→ EXERCISE
Pictures in the data must not be copied, but everything else should be output exactly.

→ GIVEN INFORMATION
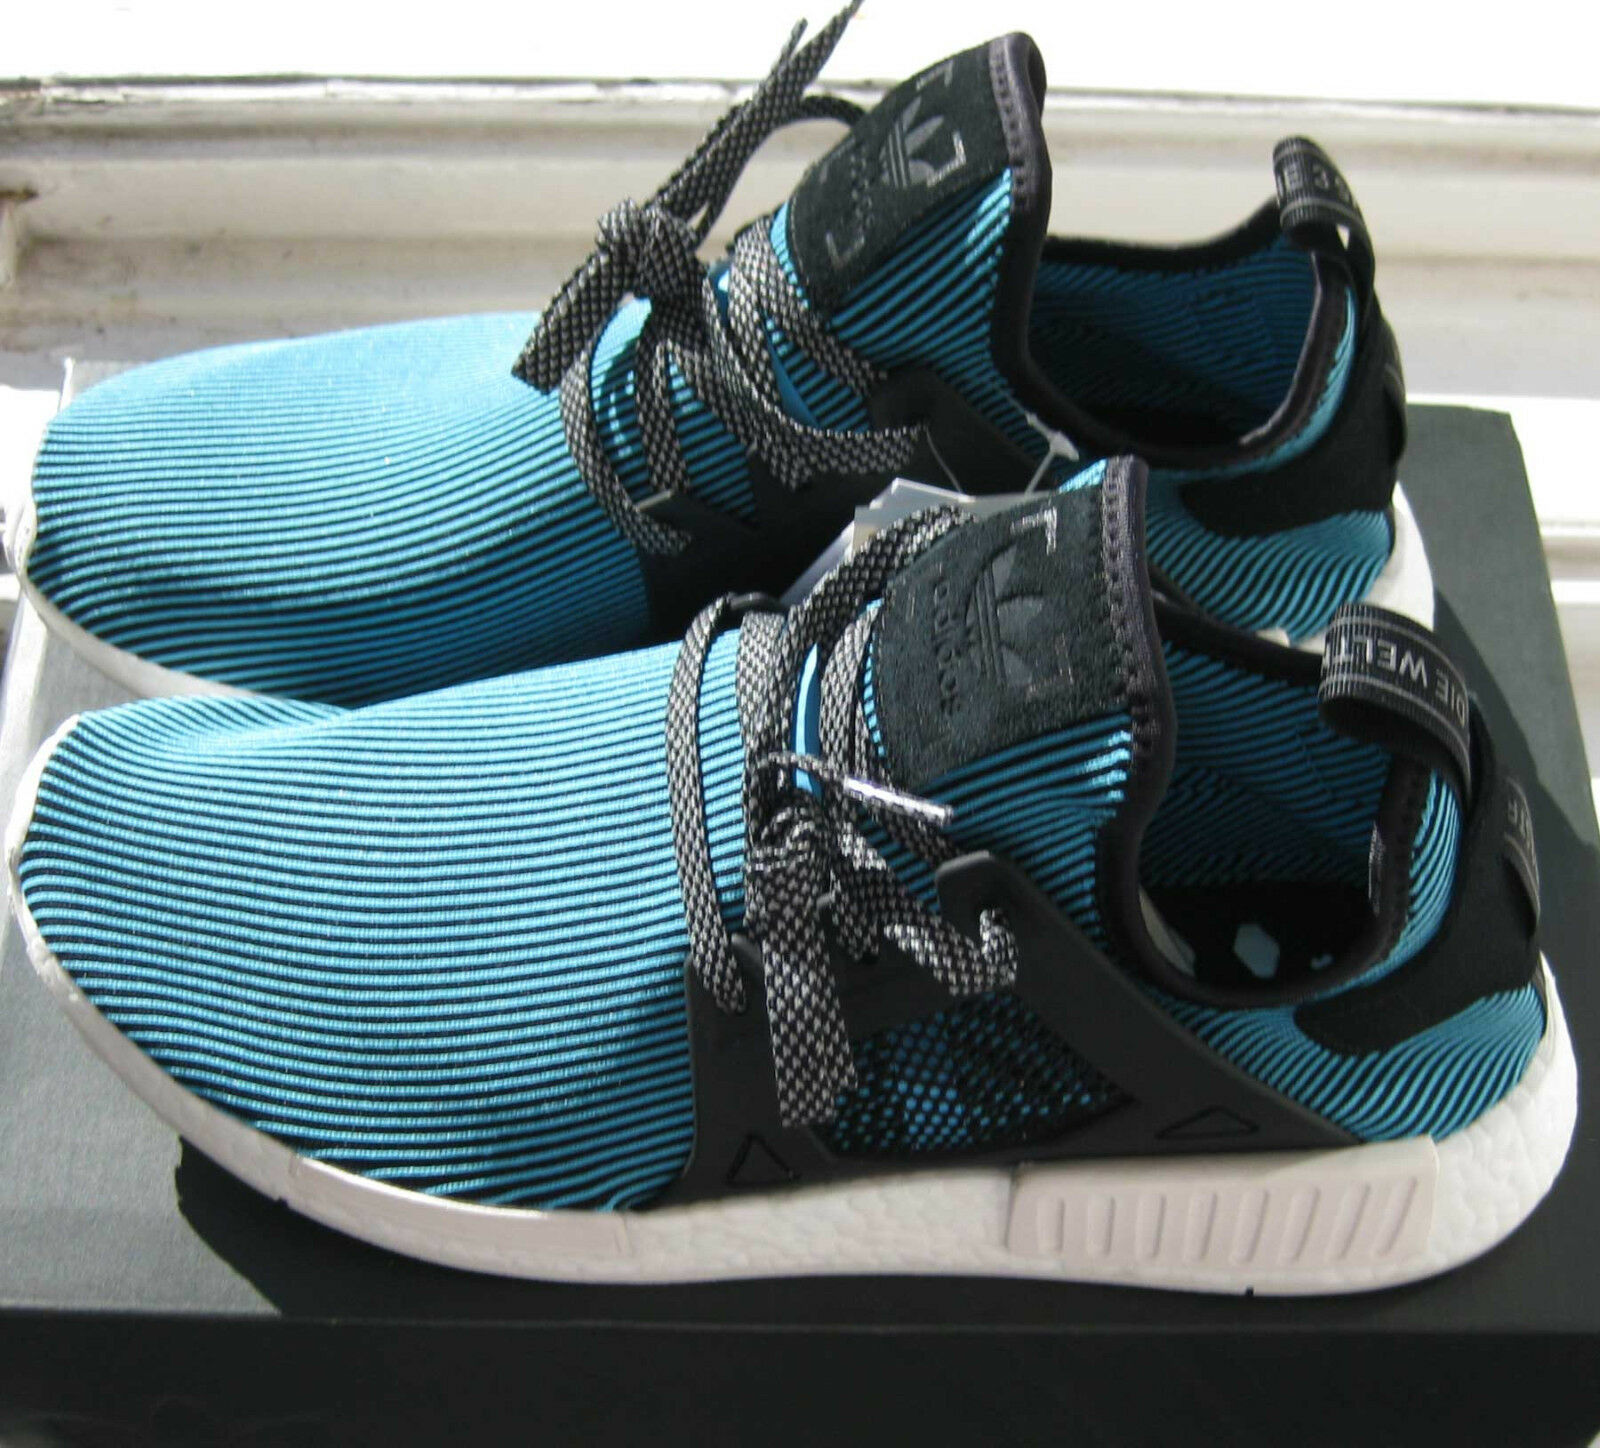 Adidas nmd xr1 pk bright eu:40 cyan / Blau primeknit eu:40 bright us:7 neu 6bef9e
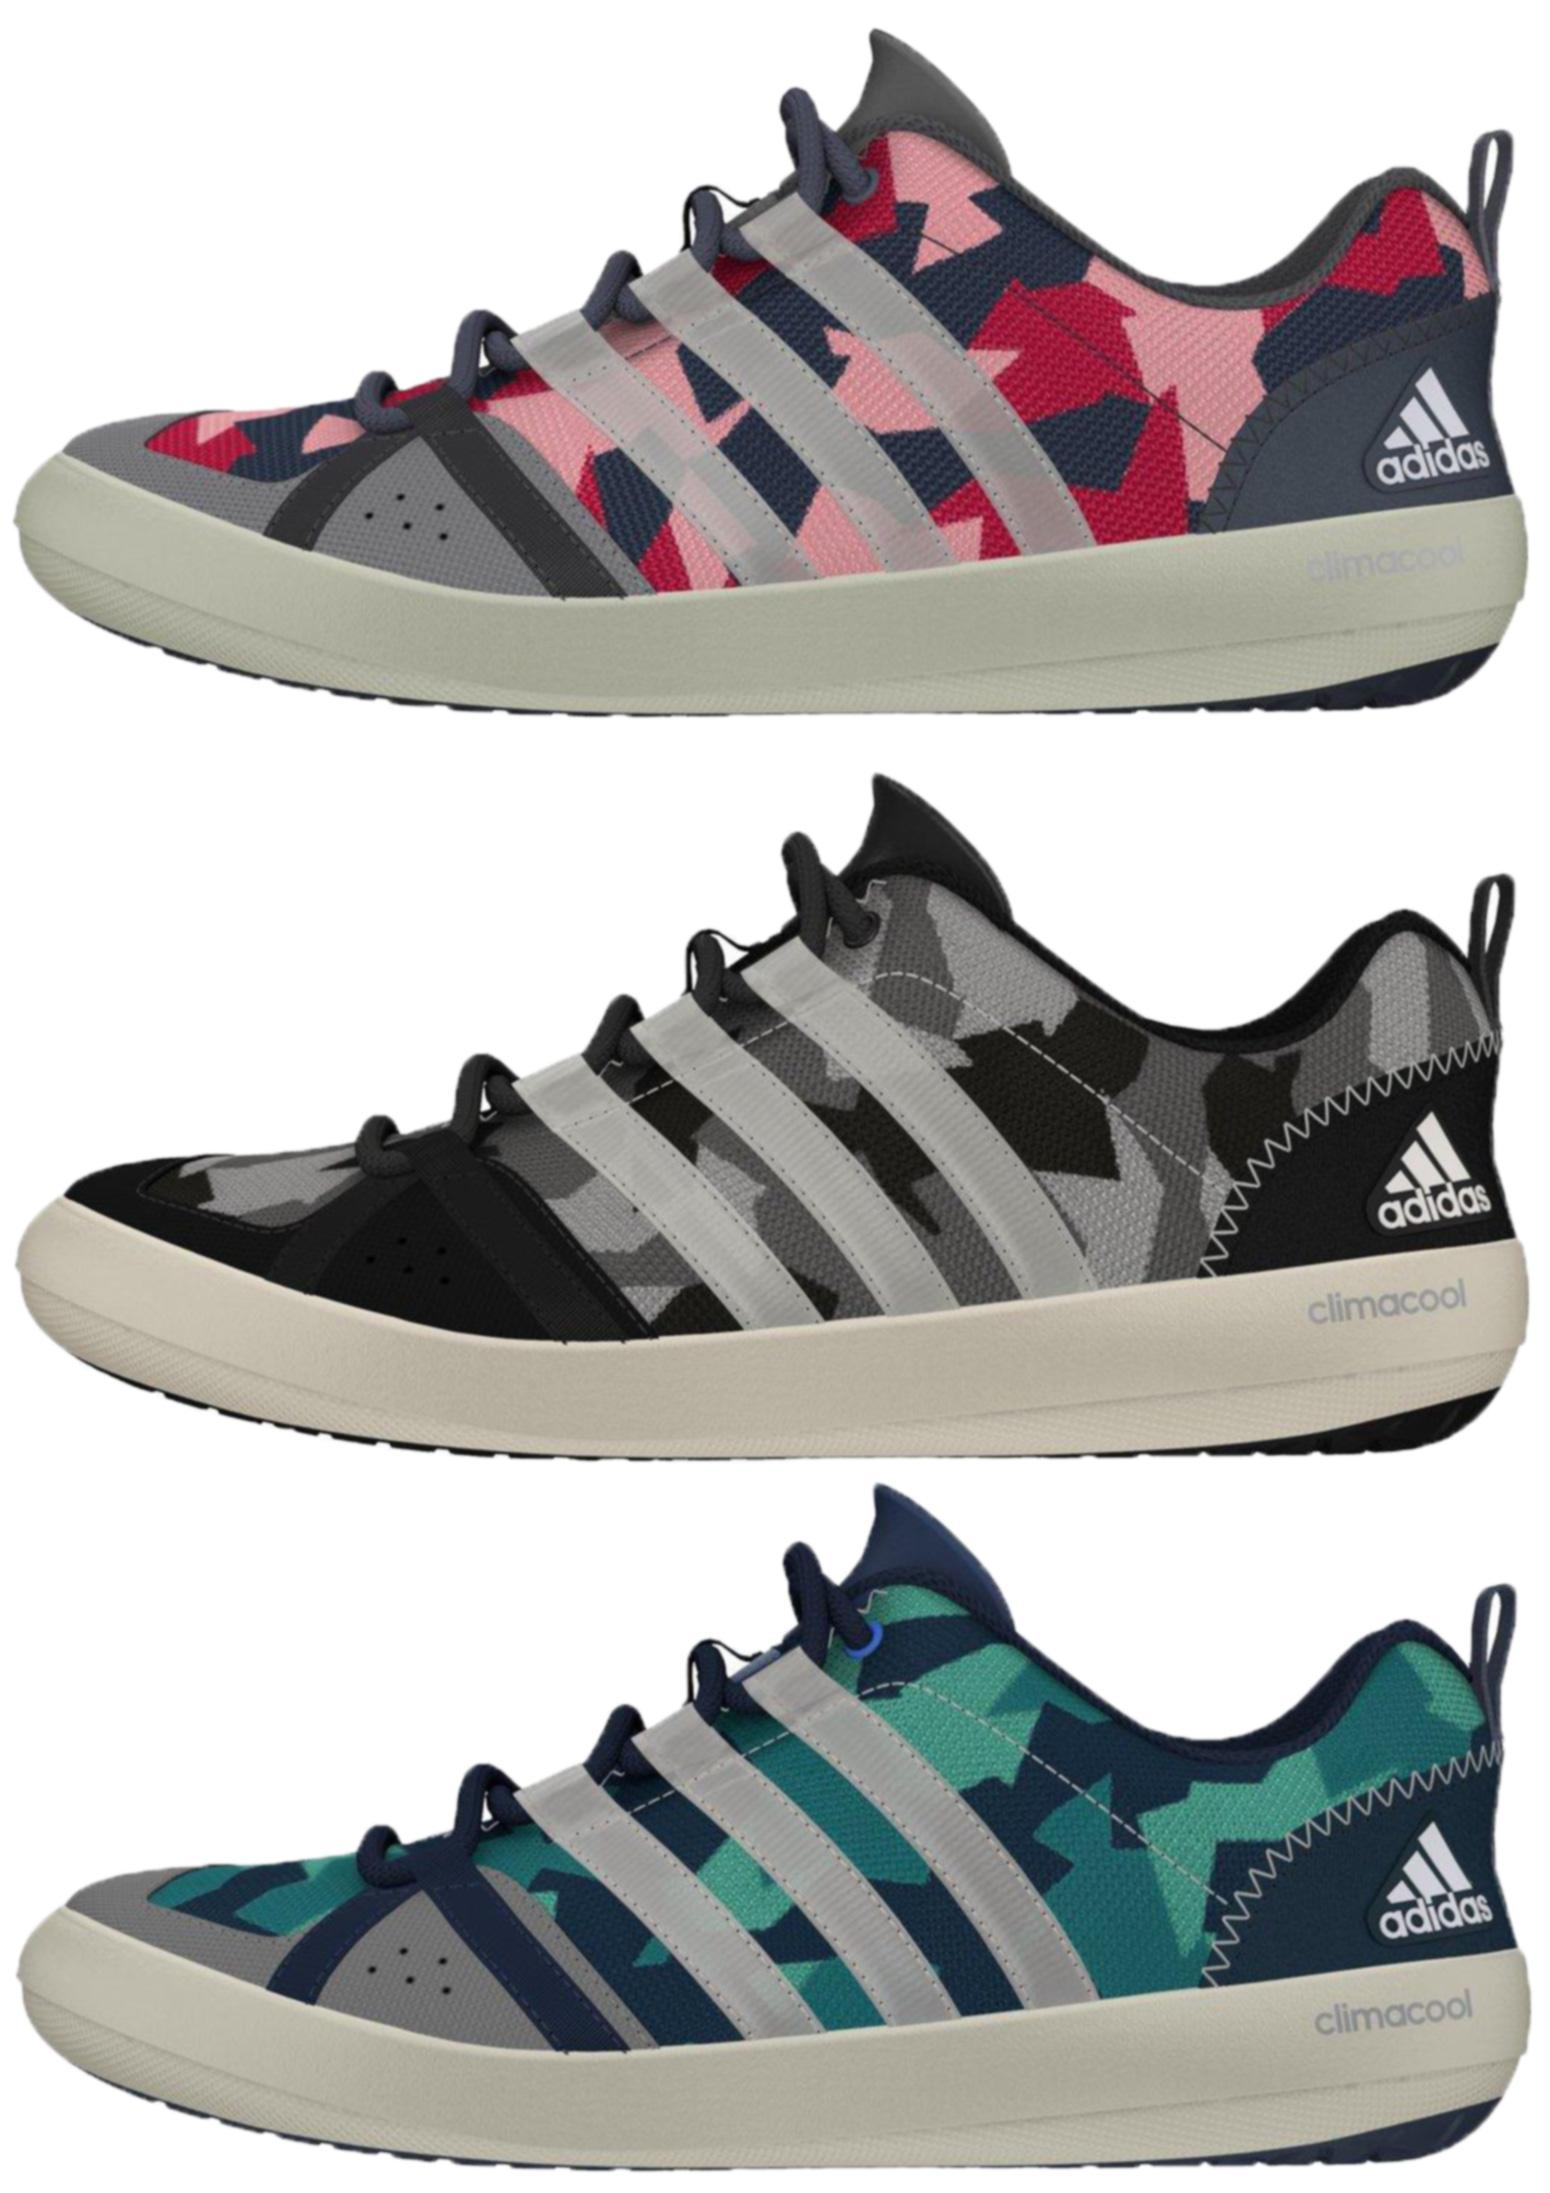 rote adidas schuhe, Damen&Herren Adidas Climacool Boat Lace
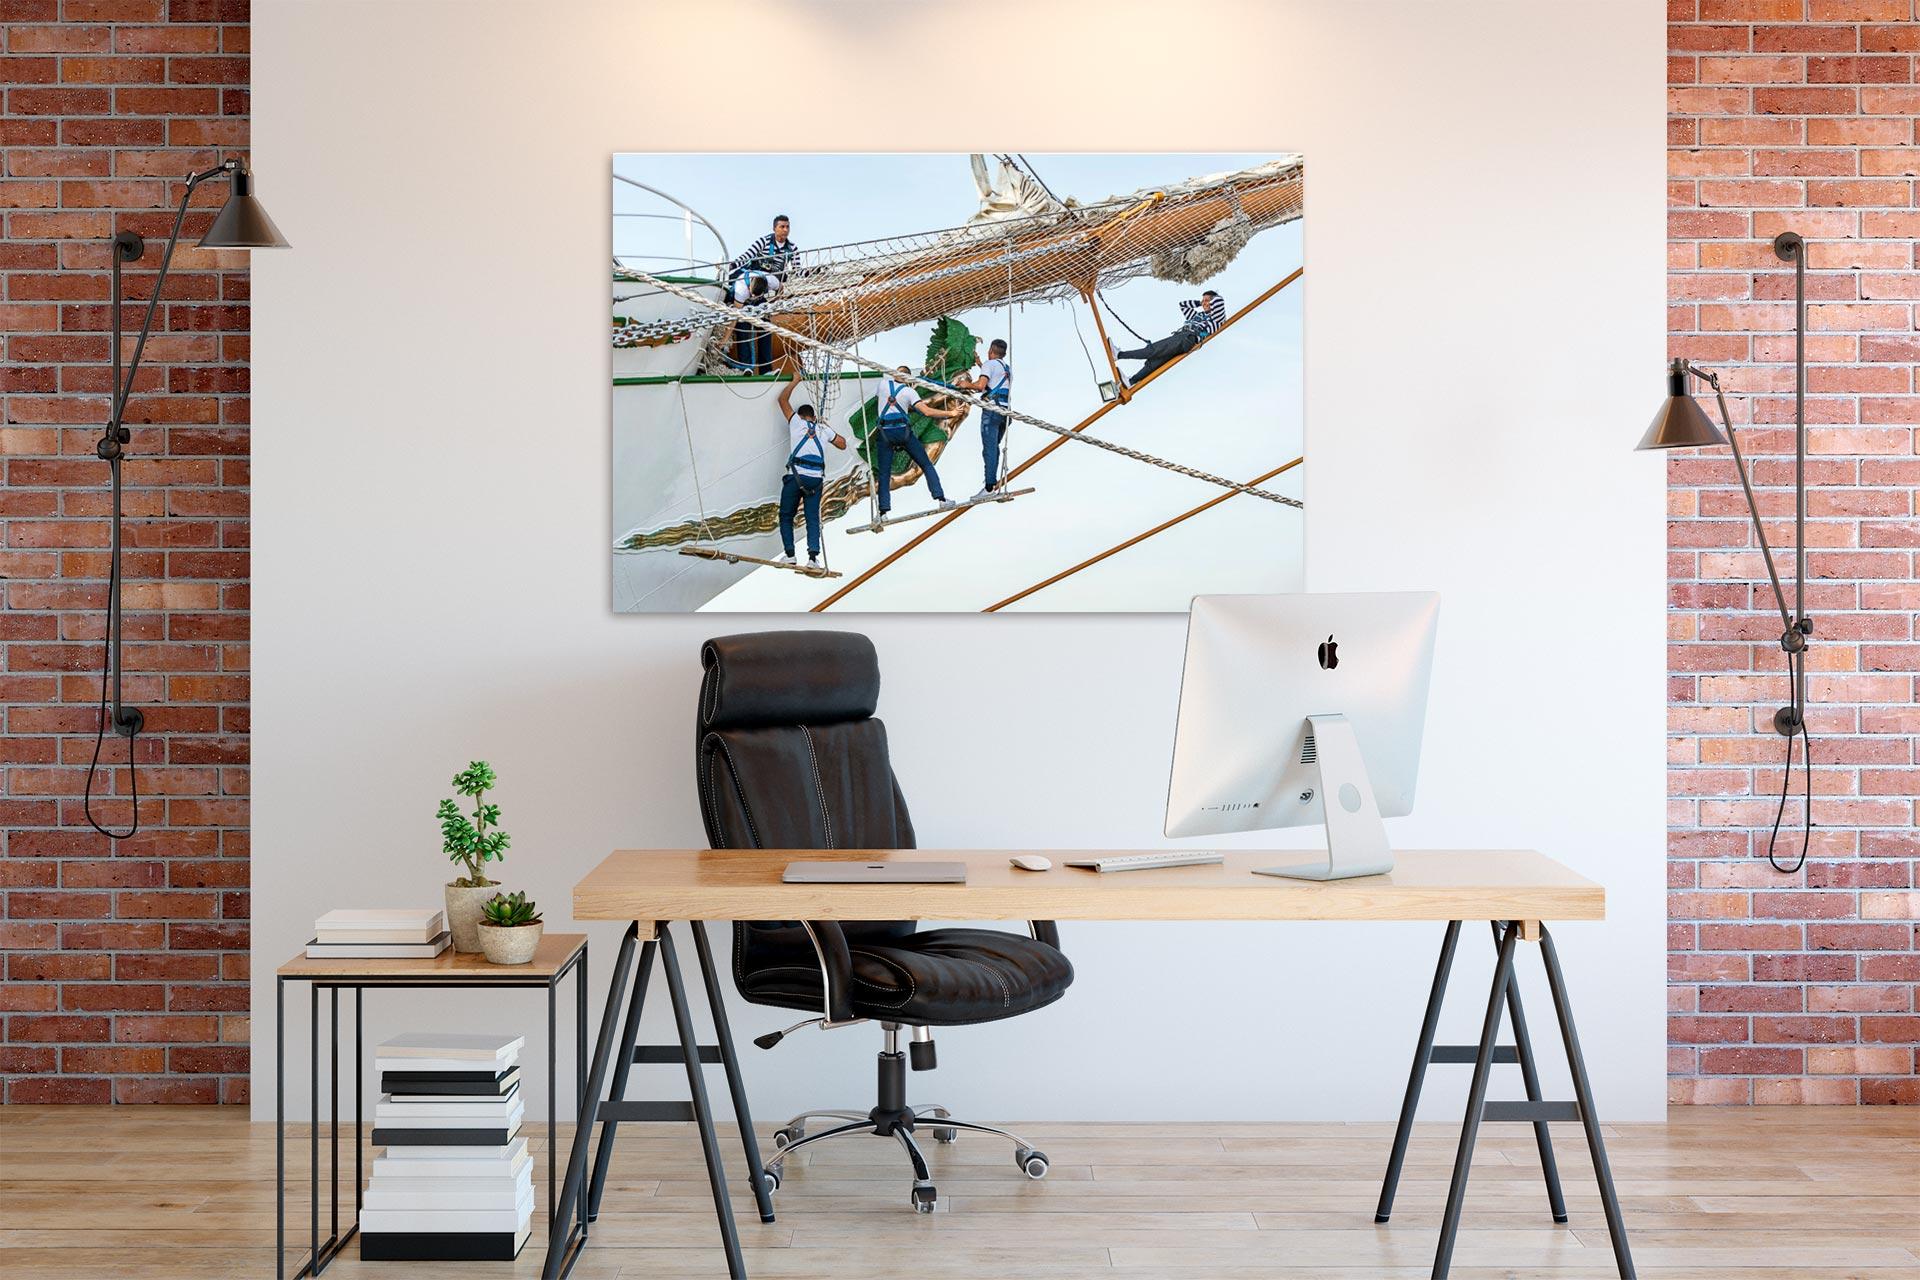 LCW263-marineros-hamburg-wandbild-bild-auf-leinwand-acrylglas-aludibond_buero

→ EXERCISE OUTPUT
 Adidas nmd xr1 pk bright eu:40 cyan / Blau primeknit eu:40 bright us:7 neu 6bef9e
 rote adidas schuhe, Damen&Herren Adidas Climacool Boat Lace
 LCW263-marineros-hamburg-wandbild-bild-auf-leinwand-acrylglas-aludibond_buero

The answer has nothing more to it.